#HjDiaries Musings

I once had to look after a middle-aged patient admitted in our ward. The attendants included her son and her young daughter in law. From the start, I disliked the son instantly. He would often snap at his wife and his tone suggested he didn't think much of her. At one point, I was so angry, I was on the verge of telling him off. My senior resident noticed this and stopped me. "If you say anything to him right now while you are angry, you will simply humiliate him. It will hurt his ego, and he will take it out on her only. Wait a bit and see how you can help her"
I honestly didn’t want to wait. But I felt (albeit, grudgingly) that she was right. Because I did feel like humiliating him for being a brute. But then I observed him further. As his mother got better, it became clear to me that the son's behavior was simply a reflection of hers. She would speak to her daughter in law as if she was a worthless waste-of-space object than a dignified human being. It was through this insight, that I could gauge what to do.
Prior to her discharge, I went to her bed. She was surrounded by family. I came beside her and pointed towards the young woman (her daughter in law), while looking at the patient and said clearly, "Aaap ab bohat behtar ho gaiee hain. Inn ka Shukriya karein. Inho ne aap ka bohat saath diya hai. Inho ne aap ki bhi or hamari bhi madad ki hai" ("You are much better now. You should thank her. She has helped you and us a lot in your recovery") Then I looked at the son and said the same thing to him.
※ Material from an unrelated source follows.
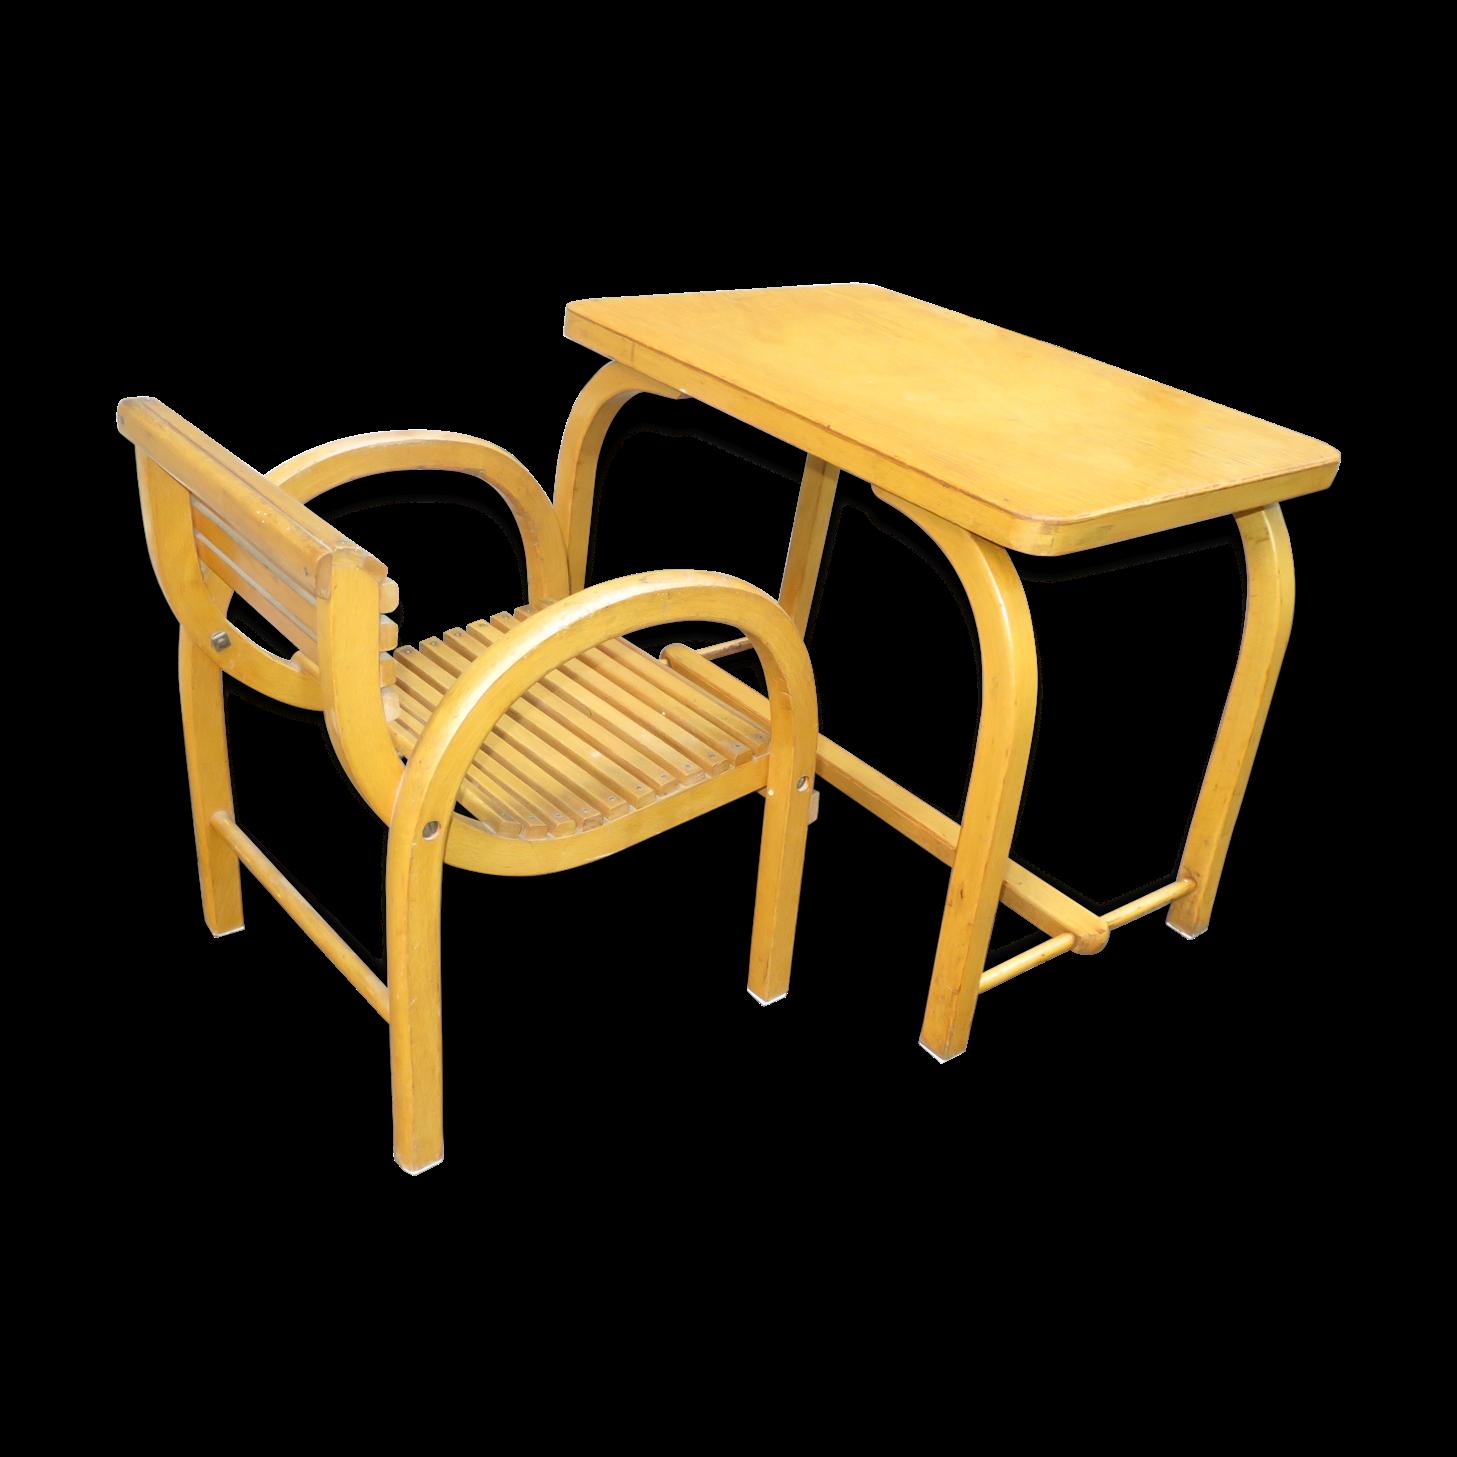 bureau original enfant elegant meubles et linge de tablebureau junior architekt with bureau. Black Bedroom Furniture Sets. Home Design Ideas

An hour or so later, the young woman came and thanked me. She added that this was the first time her husband and mother in law had spoken to her 'izzt se' (with respect)
This encounter taught me something important. When we set out to help someone, we cant let our personal feelings cloud us to the point that we make it all about ourselves and about venting our own anger. Was my anger justified then? Yes, but had I caved in to it, I wouldn’t have been able to do anything that would have led to an iota of change in anyone's life.
With the rise of social media posts regarding issues on social justice, politics, feminism etc I feel this is just as relevant. This is a historical time for the human race. For once, most of us have a platform (social media) on which we can be heard.
Having a platform on which your voice can be heard is a blessing. But often we forget, that it also places us in a position of responsibility. Our words matter. Our tone matters. When you take to that stage that social media offers you, it isn't simply about venting your anger. It is about something bigger, it is about making an impact. Your anger and frustration can hold people's attention for so long. It may lead to likes and comments and shares temporarily. However, it may not necessarily lead to the impact that is needed for lasting change. When you are giving advice, it can reach people, more effectively, if it is written with a lot less harshness and a lot less hate.
The Holy Prophet (SAW) said, “Be gentle, for gentleness adorns everything in which it is found, and its absence leaves everything tainted."